Sejak bergabung dengan akademi Arsenal, Dowman telah menunjukkan potensi luar biasa. Ia dikenal sebagai pemain yang eksplosif, memiliki kreativitas tinggi, dan kemampuan adaptasi yang baik di lapangan. Situs Scouting App menggambarkan kemampuannya yang menonjol, terutama saat beroperasi dari sisi kanan. Ia kerap maju ke depan dengan memanfaatkan kaki kirinya yang kuat, memadukan kecepatan lari yang bertenaga dengan kontrol bola yang sangat baik.
Kemampuan dribbling Dowman dianggap sangat impresif untuk usianya. Ia mampu mengecoh pemain bertahan lawan dengan perubahan arah yang tajam, dan tetap mempertahankan kontrol bola bahkan saat berlari dalam kecepatan tinggi.

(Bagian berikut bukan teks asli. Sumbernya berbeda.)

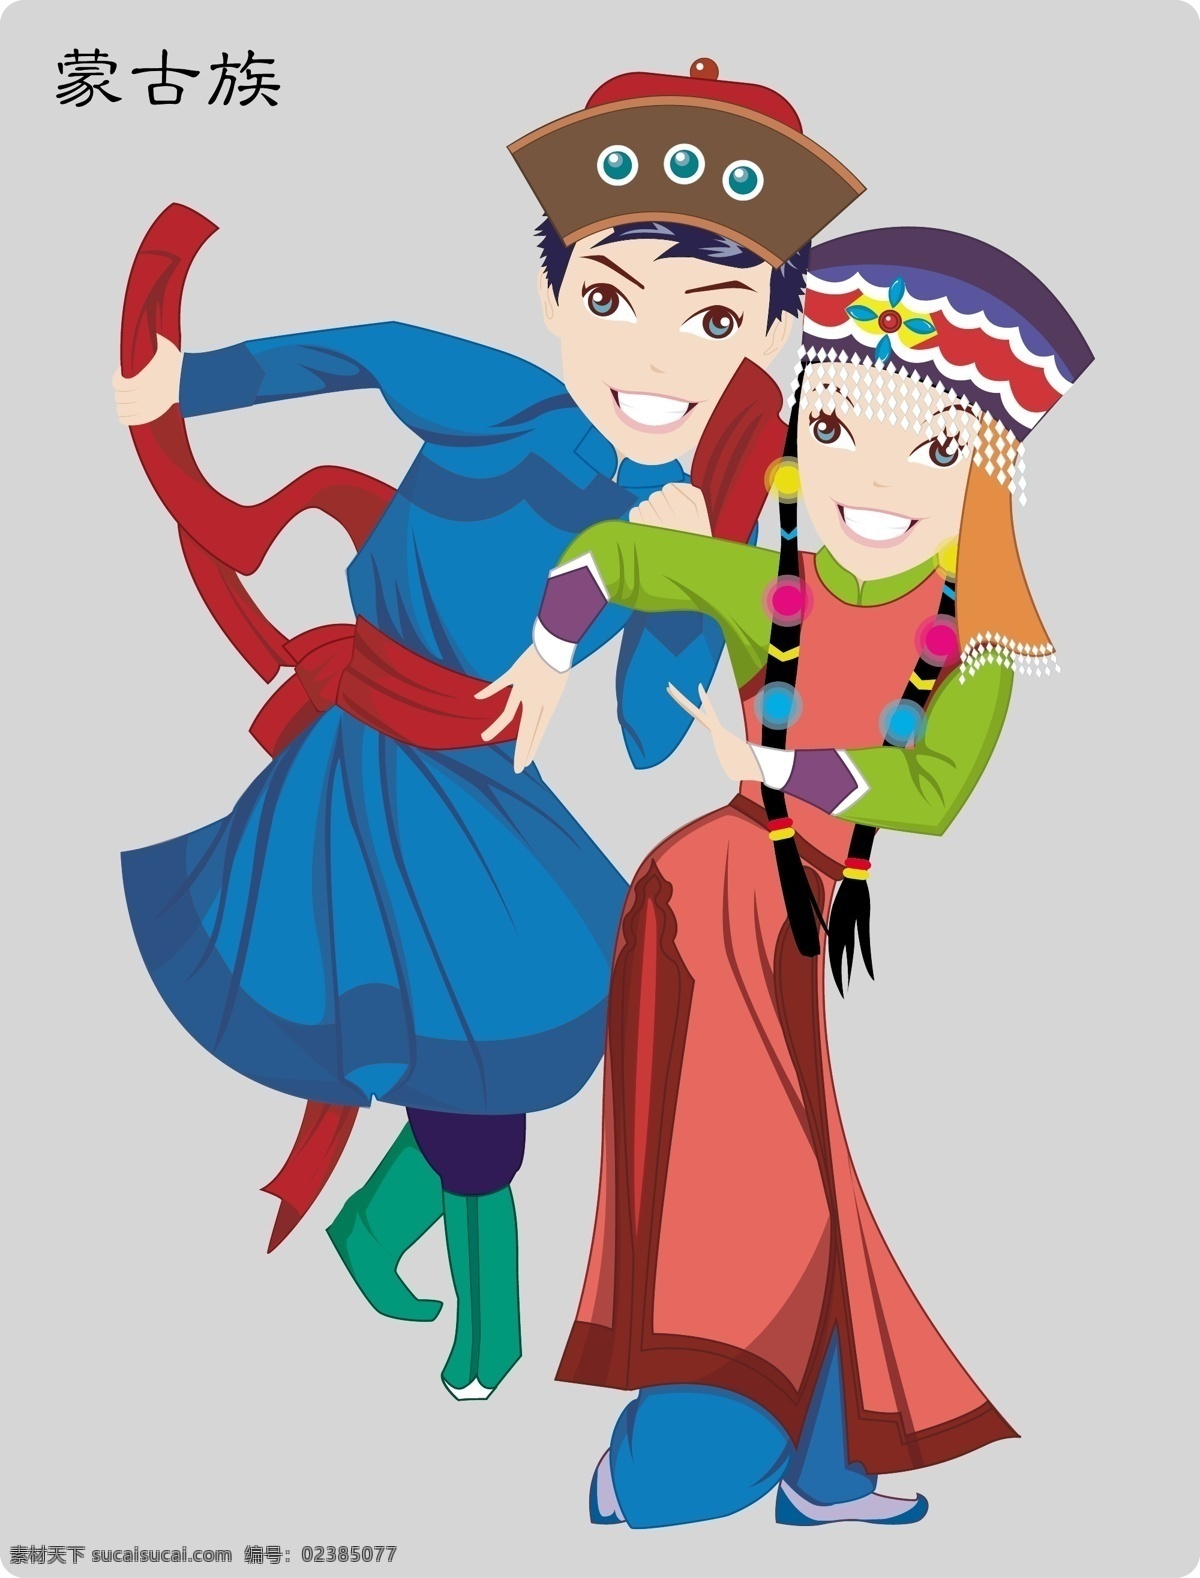 蒙古族舞蹈 少数民族 舞蹈 人物 卡通 服装 中国 地方 活泼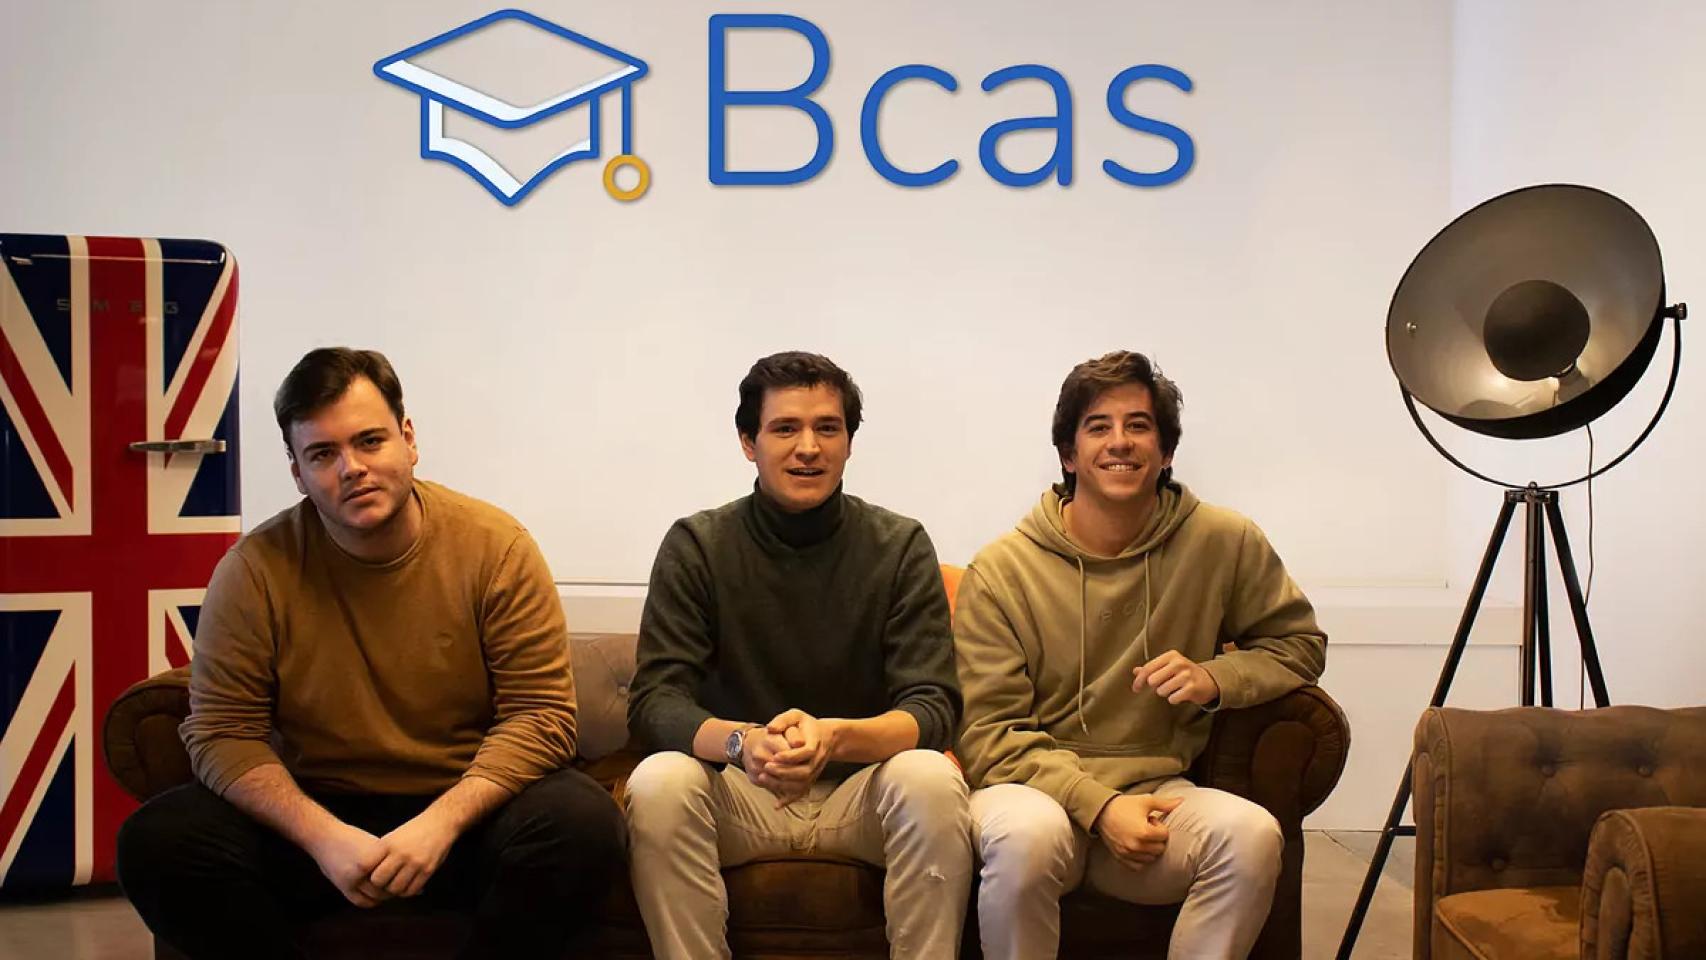 Javier Ausin, Bosco González del Valle y Manuel Avello, cofundadores de la startup Bcas.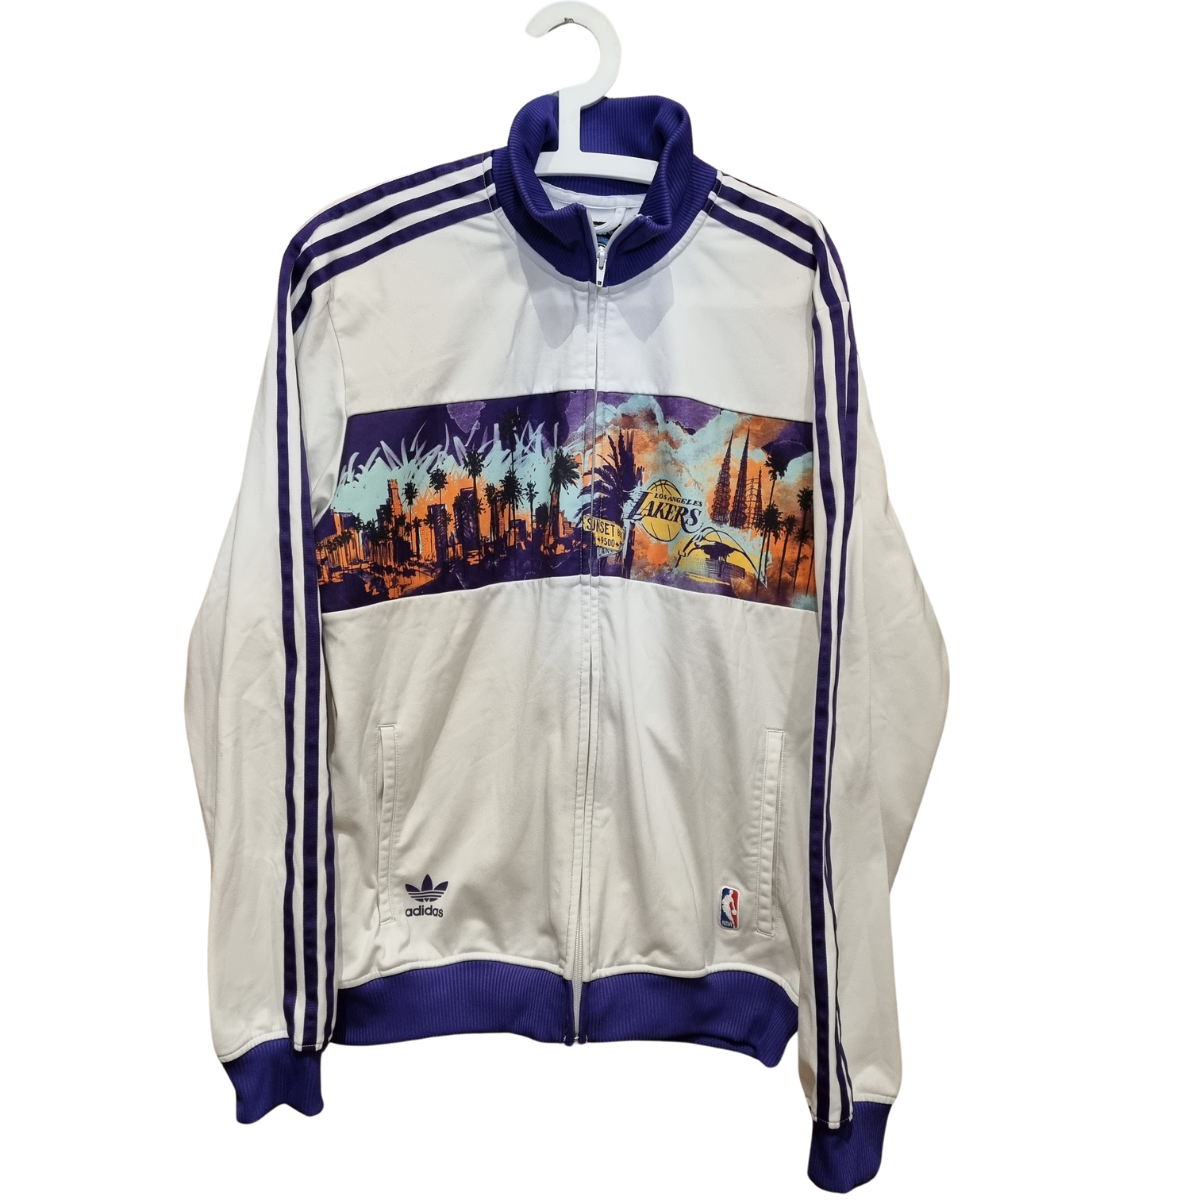 Vintage 2005 Adidas Jacket NBA Los Angeles Lakers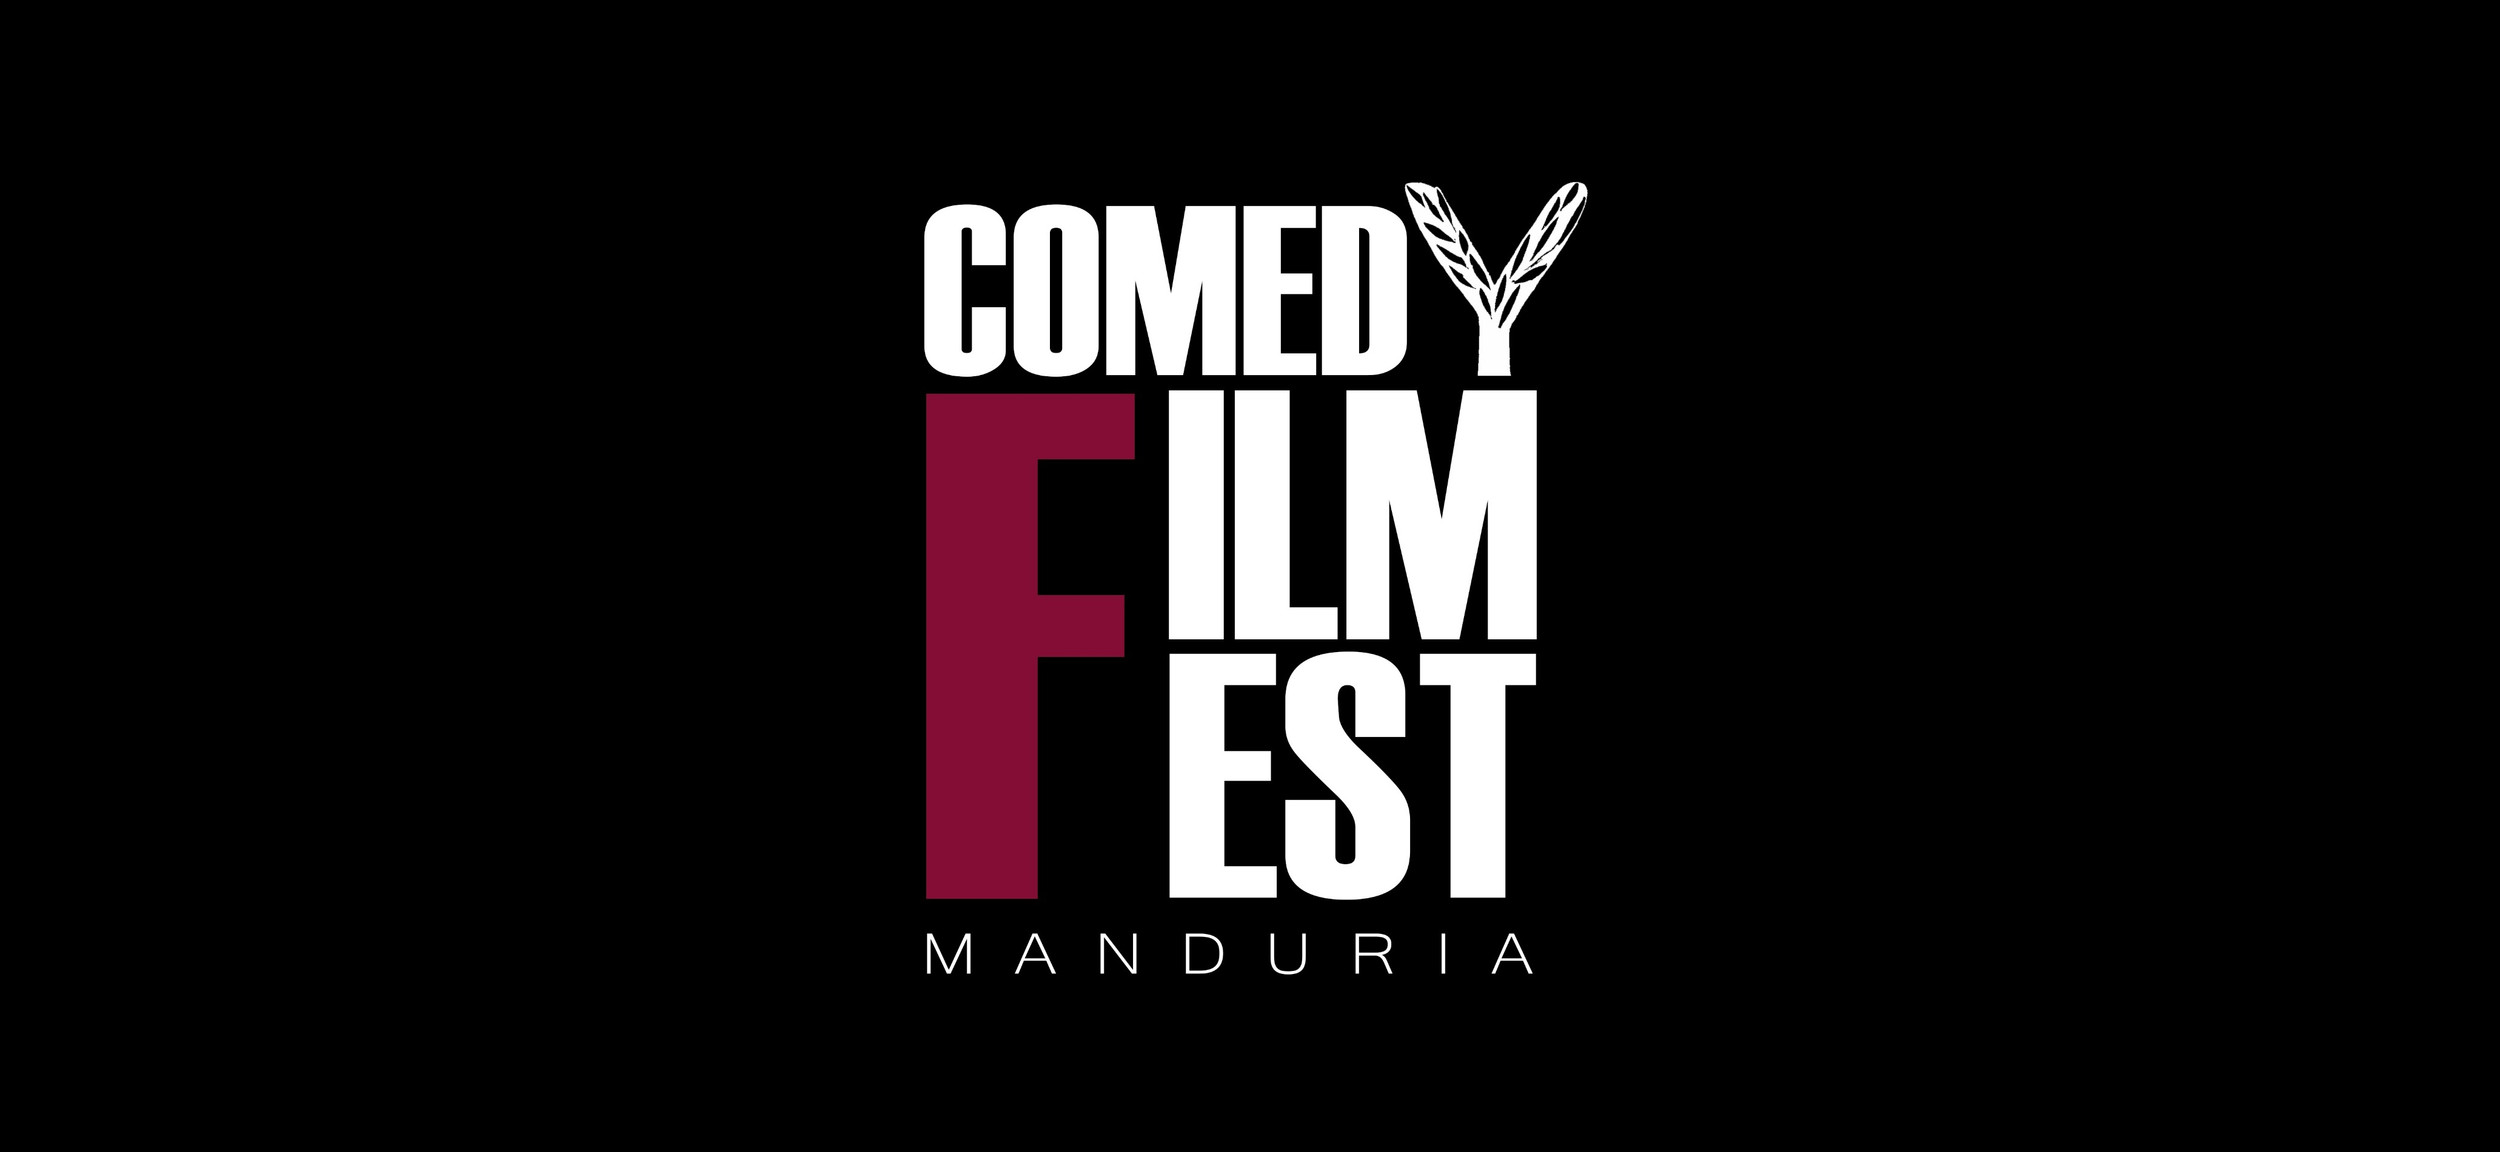 “COMEDY FILM FEST – MANDURIA”: LE NOVITÀ A UNA SETTIMANA DALL’EVENTO

Kepercayaan dirinya untuk mengejar ruang kosong berulang kali, menciptakan keunggulan dalam situasi satu lawan satu, serta kemampuannya dalam menghasilkan peluang melalui dribel maupun eksekusi akhir yang tepat, menjadi aset berharga bagi Arsenal.
Kehadiran Max Dowman di tim utama Arsenal bukan hanya memberikan ancaman baru di lini serang, tetapi juga menjadi inspirasi bagi para pemain muda lainnya, membuktikan bahwa usia bukanlah halangan untuk meraih impian dan mencetak sejarah di kancah sepak bola profesional.